Here's an overview of the role of ribosomes in protein synthesis:
1. mRNA Binding: The small ribosomal subunit binds to the mRNA molecule and scans it for the start codon (usually AUG), which corresponds to the amino acid methionine.
2. Initiation: Once the start codon is recognized, the large ribosomal subunit joins the small subunit, forming a complete ribosome. Transfer RNA (tRNA) molecules, each carrying a specific amino acid, bind to the mRNA sequence based on the complementary base pairing between the tRNA anticodon and the mRNA codon.
3. Elongation: The ribosome moves along the mRNA in a codon-by-codon manner. As each codon is decoded, a new tRNA molecule, carrying the corresponding amino acid, binds to the mRNA. Peptide bonds are formed between the amino acids, leading to the formation of a growing polypeptide chain.
4. Translocation: After each peptide bond formation, the ribosome shifts along the mRNA by one codon in a process called translocation. The tRNA molecule that delivered the amino acid is released, and the tRNA carrying the growing polypeptide chain is moved to the next codon on the mRNA.
5. Termination: Protein synthesis continues until a stop codon (UAA, UAG, or UGA) is encountered on the mRNA. The stop codon signals the end of the protein synthesis, and a release factor binds to the ribosome.
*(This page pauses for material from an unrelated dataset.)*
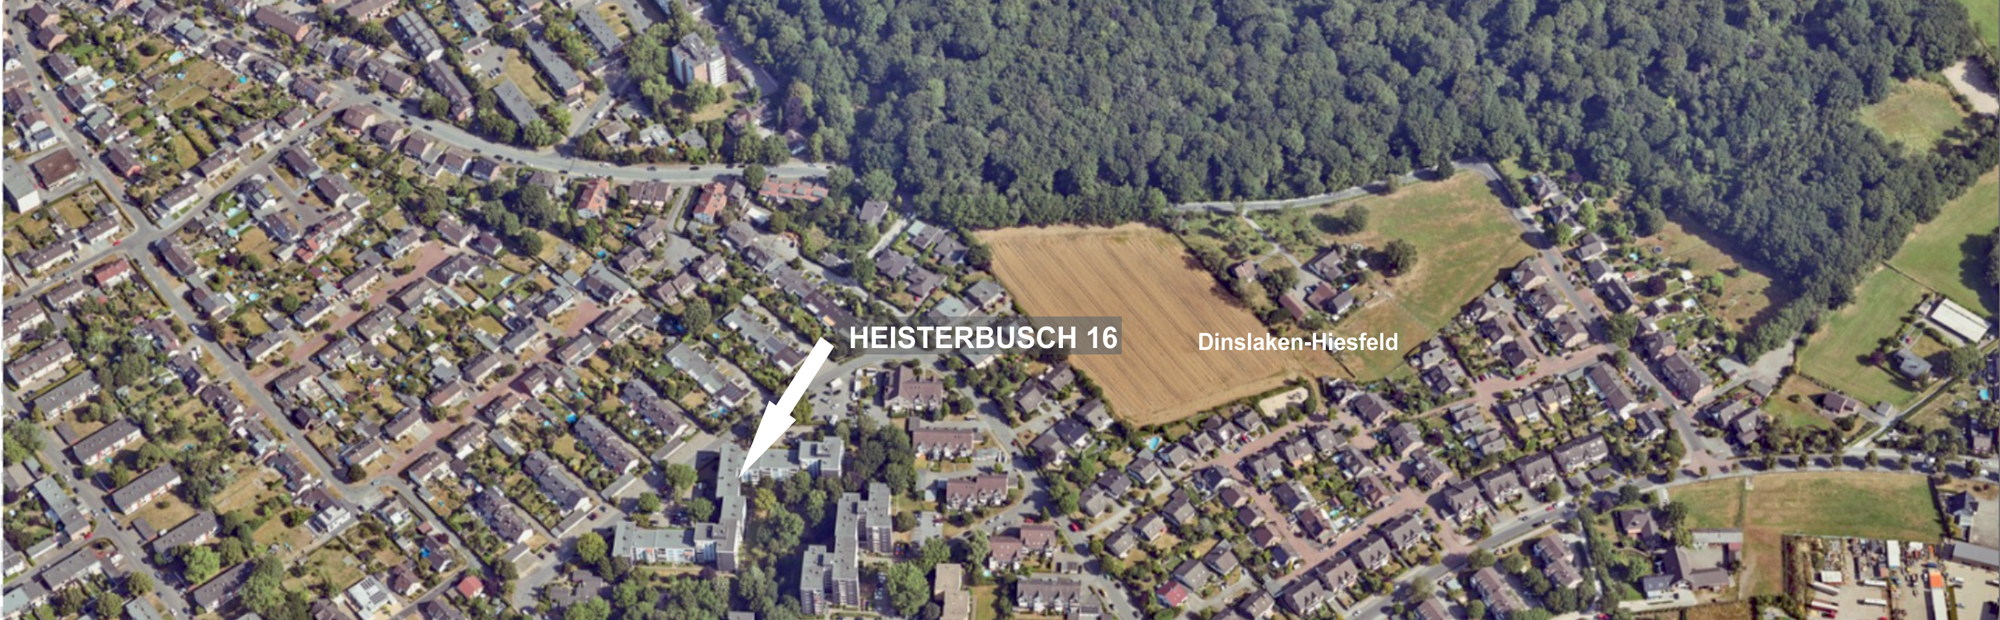 92qm Eigentumswohnung " Heister 16"  in Dinslaken-Hiesfeld

The newly synthesized protein is released from the ribosome, and the ribosomal subunits dissociate to start another round of protein synthesis.
Overall, ribosomes are crucial organelles in cells, enabling the production of proteins necessary for various cellular functions. Without ribosomes, protein synthesis and essential cellular processes cannot occur, ultimately affecting cell growth, survival, and function.